In March 2009, Roerig was cast as Matt Donovan in The CW fantasy supernatural drama The Vampire Diaries, an adaptation of L. J. Smith's novel series of the same name. He was in the show for eight seasons until it ended in 2017. He has also made guest appearances on its spin-offs The Originals and Legacies.

In 2017, Roerig appeared as Pulse (Augustus) in the first season of Fox superhero series The Gifted, a television spin off of the X-Men feature film series. In that same year, he co-starred in the third installment of horror film series The Ring and in the comedy drama The Year of Spectacular Men. Roerig was cast as Ray Mott, a younger version of the character played by Ed Harris in the Vietnam War drama film The Last Full Measure, released in January 2020. He also starred in the USA Network drama pilot Dare Me, which was later picked up to series in 2019. The series is based on Megan Abbott's novel of the same name.
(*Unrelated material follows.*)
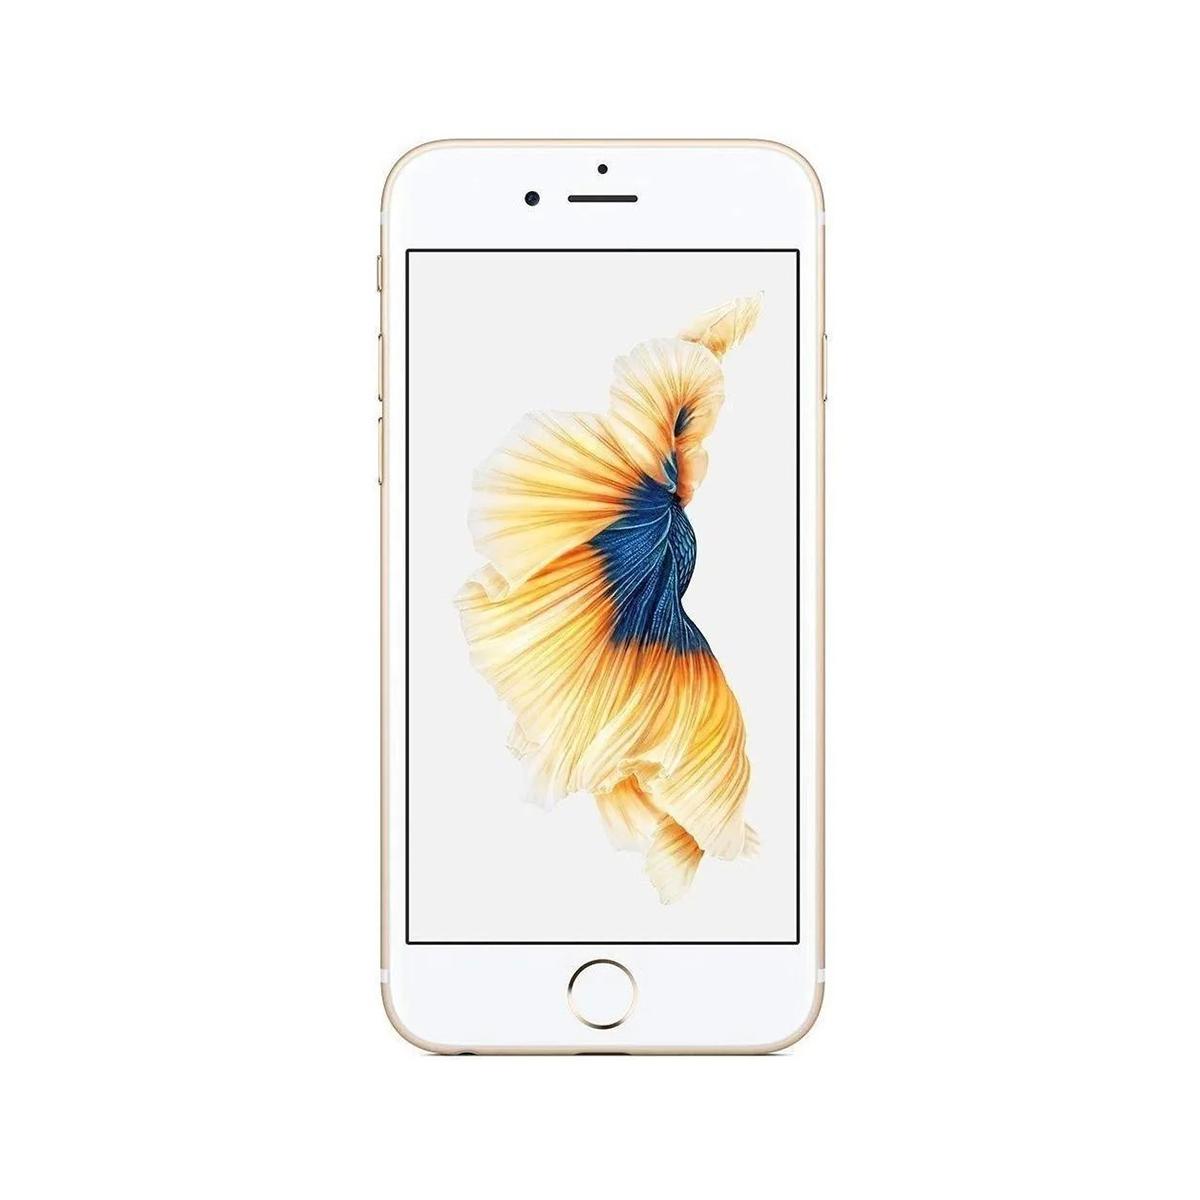 Smartphone Apple iPhone 6s 64GB Tela 4.7' 12MP - Mostruário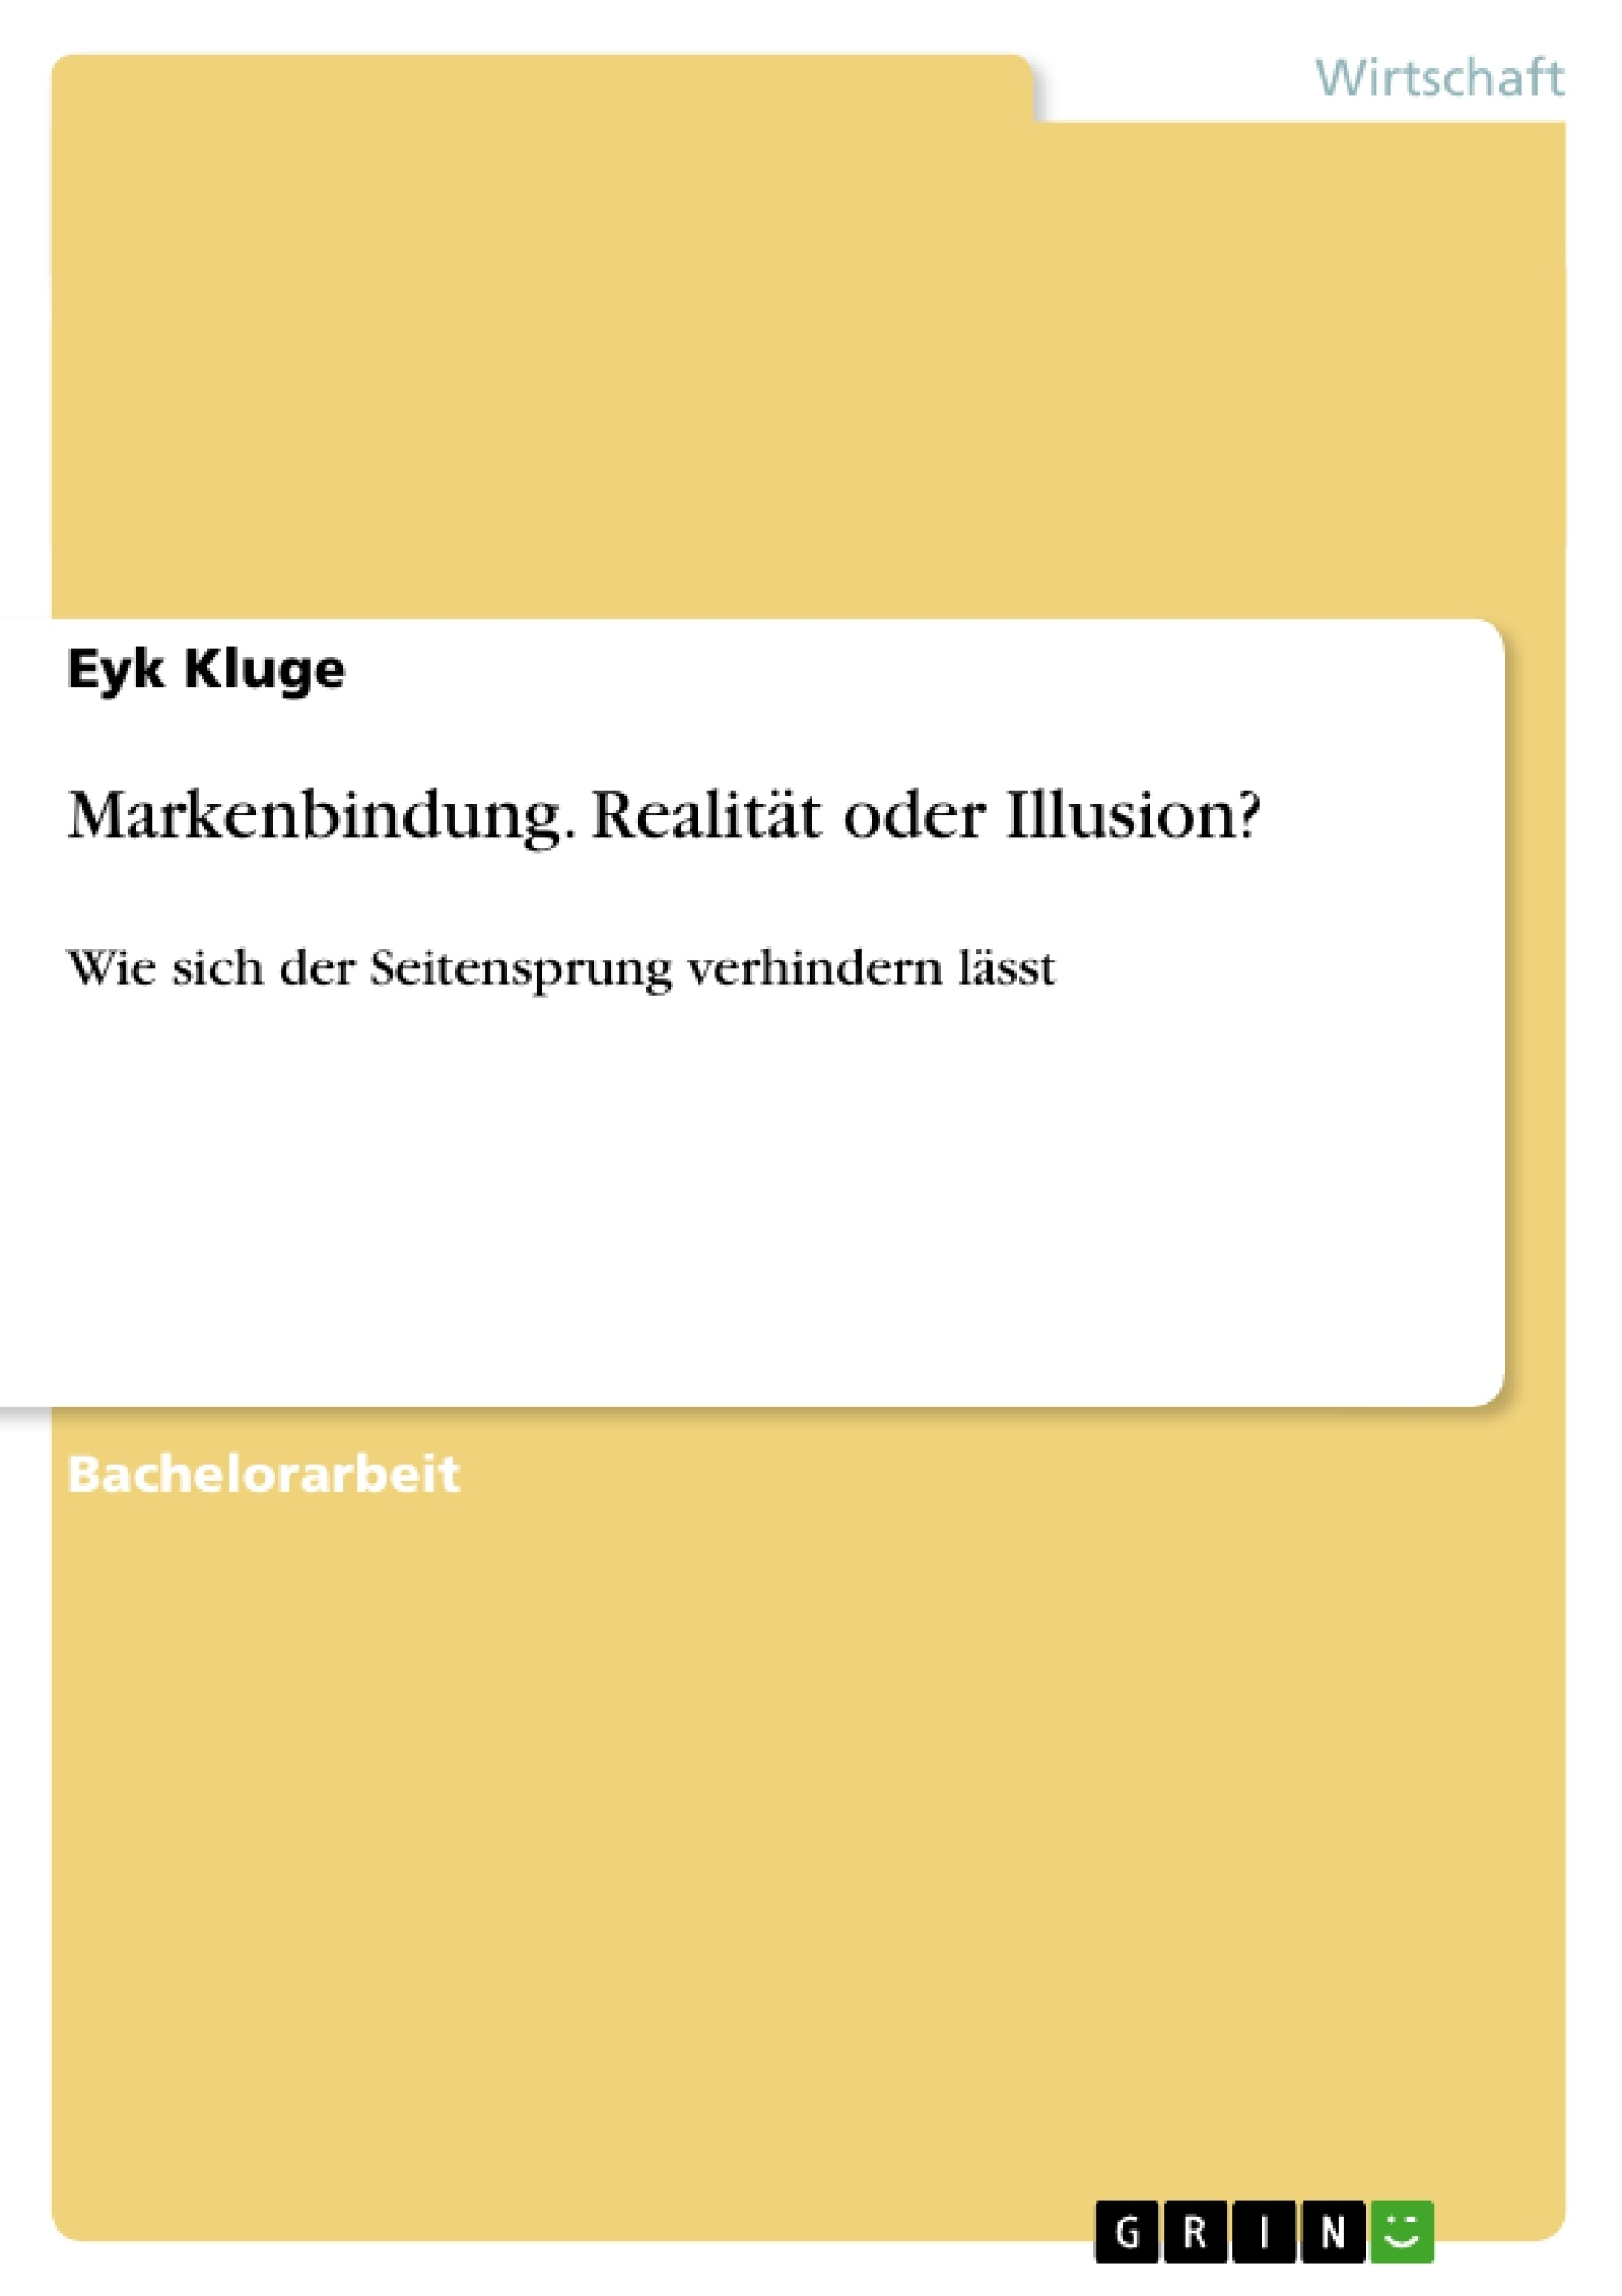 Titel: Markenbindung. Realität oder Illusion?

Roerig had joined the cast of the upcoming Netflix comedy drama series Boots as Sergeant Knox, which premiered on October 9, 2025.

==Personal life==
Roerig has a daughter who was born in January 2011.

In June 2013, Roerig filed legal papers in Georgia, seeking full custody of his daughter after her mother, Roerig's ex-girlfriend Alana Turner, was incarcerated in a federal prison.

On May 24, 2020, he was arrested for driving under the influence in Montpelier, Ohio, and was arraigned on June 4 of the same year.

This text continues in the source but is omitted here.